As fun as it is to rush through levels and clamber across rooftops, it can quickly become stale and at times, is unnecessarily frustrating. The lower DS screen is an Animus-like quasi-sensor, which shows yellow or red arrows for the direction a guard is currently patrolling; yellow if undetected and red if spotted. However since gameplay often takes places across a various of tiers between each level, the absence of a genuinely useful map feature to collaborate your quick movements leads to a lot of trial and error and “leaps of faith”. Success in most missions (and hitting top times) is then mostly reliant on firstly failing and memorising each guard location, which isn’t hugely taxing considering the short mission lengths but is nonetheless a design fault when you consider how useful that map would be.

Assassin's Creed II Discovery 03As is a prerequisite for all console-to-handheld iterations these days, Discovery tells a “side-story” of Ezio’s rescuing Assassins in 15th Century Spain that takes place during the “corrupted memory blocks” of its console brethren. If you’re unaware of what I mean by “corrupted memory blocks” it’s my pleasure to announce that Animus-related, time-travelling bartender interludes are thankfully absent for this title and in truth, I’d have no idea where to start in any case. In fact, if you’re new to the series and probably be wondering why Ezio keeps vanishing at the end of each mission or why there is a sci-fi element to the in-game tutorials – just go with it. As you can expect, disappointingly none of the events of the handheld version interfere or impacts those of the console Assassins Creed, it’s simply a case of keeping Ezio alive so he can get back into your living room.
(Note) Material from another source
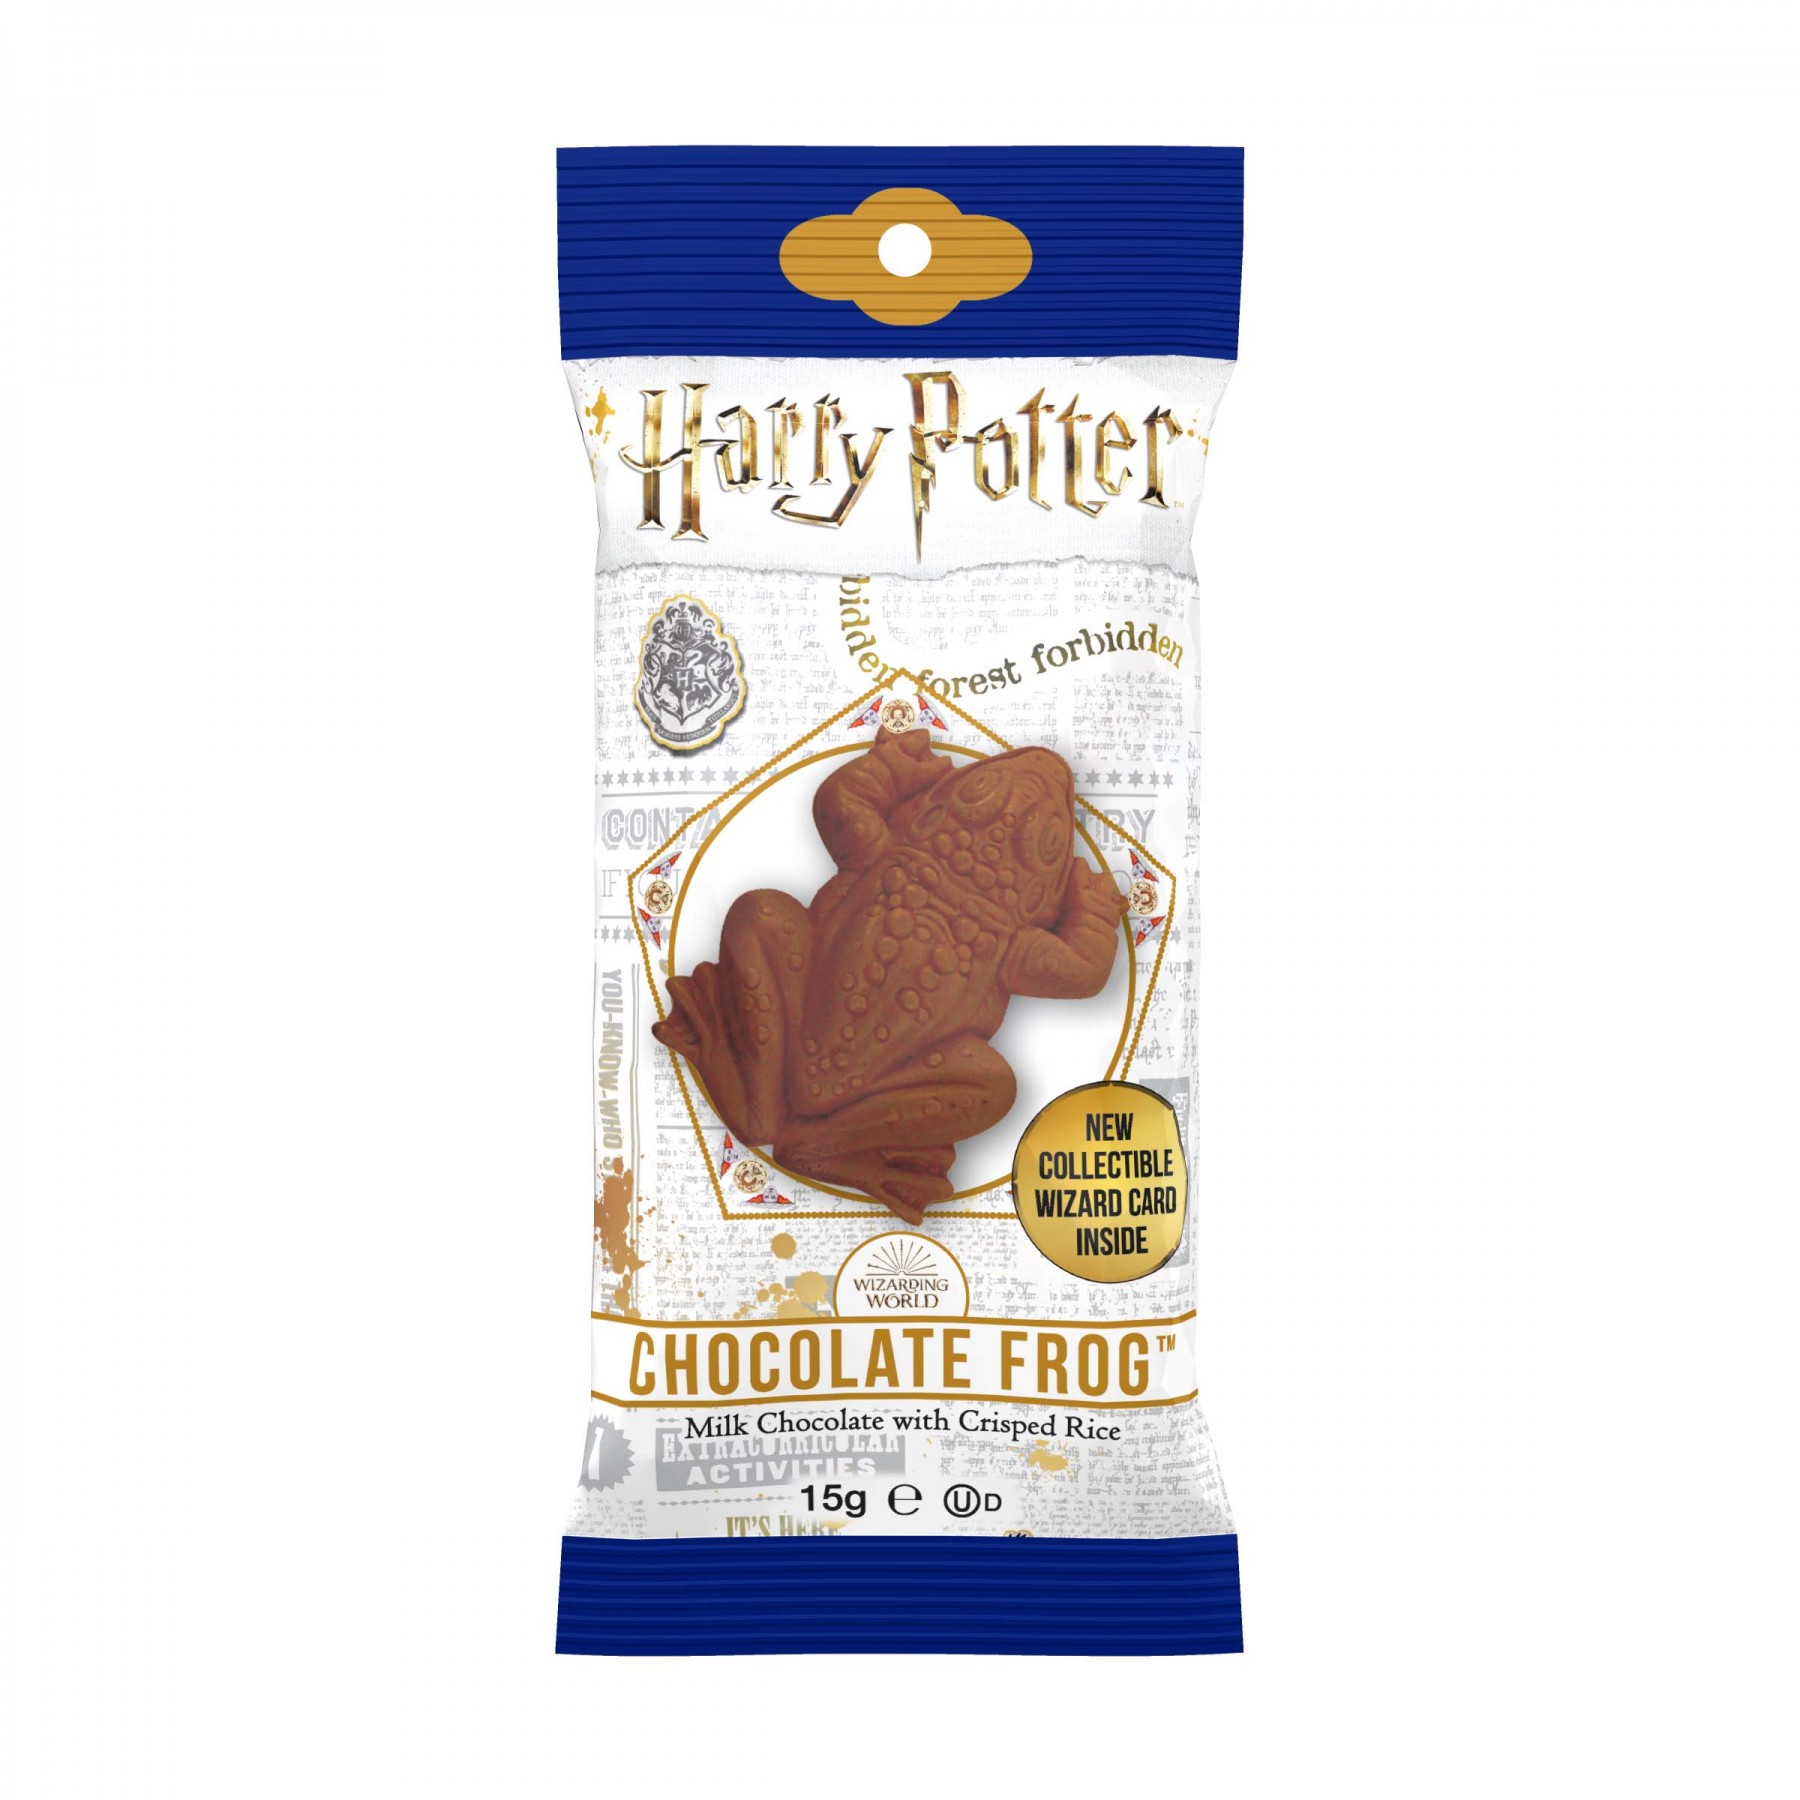 Harry Potter Milk Chocolate Frog with Collectable 3d Card

To be fair though, Assassins Creed II: Discovery is a polished title, with full voice acting and fantastic graphics throughout, befitting of a premier franchise. If its main strength is acknowledging its weaknesses and discarding them, it can yet also be said it is still guilty for instead becoming one-dimensional in not trying to bring something else instead to the table. As it stands, Griptonite offer fun, but disposable thrills which amount to a title tough to recommend outside of series completists. On the other hand, if Ezio the Hedgehog speed-running and stealth are what you need, this might yet become a worthwhile discovery.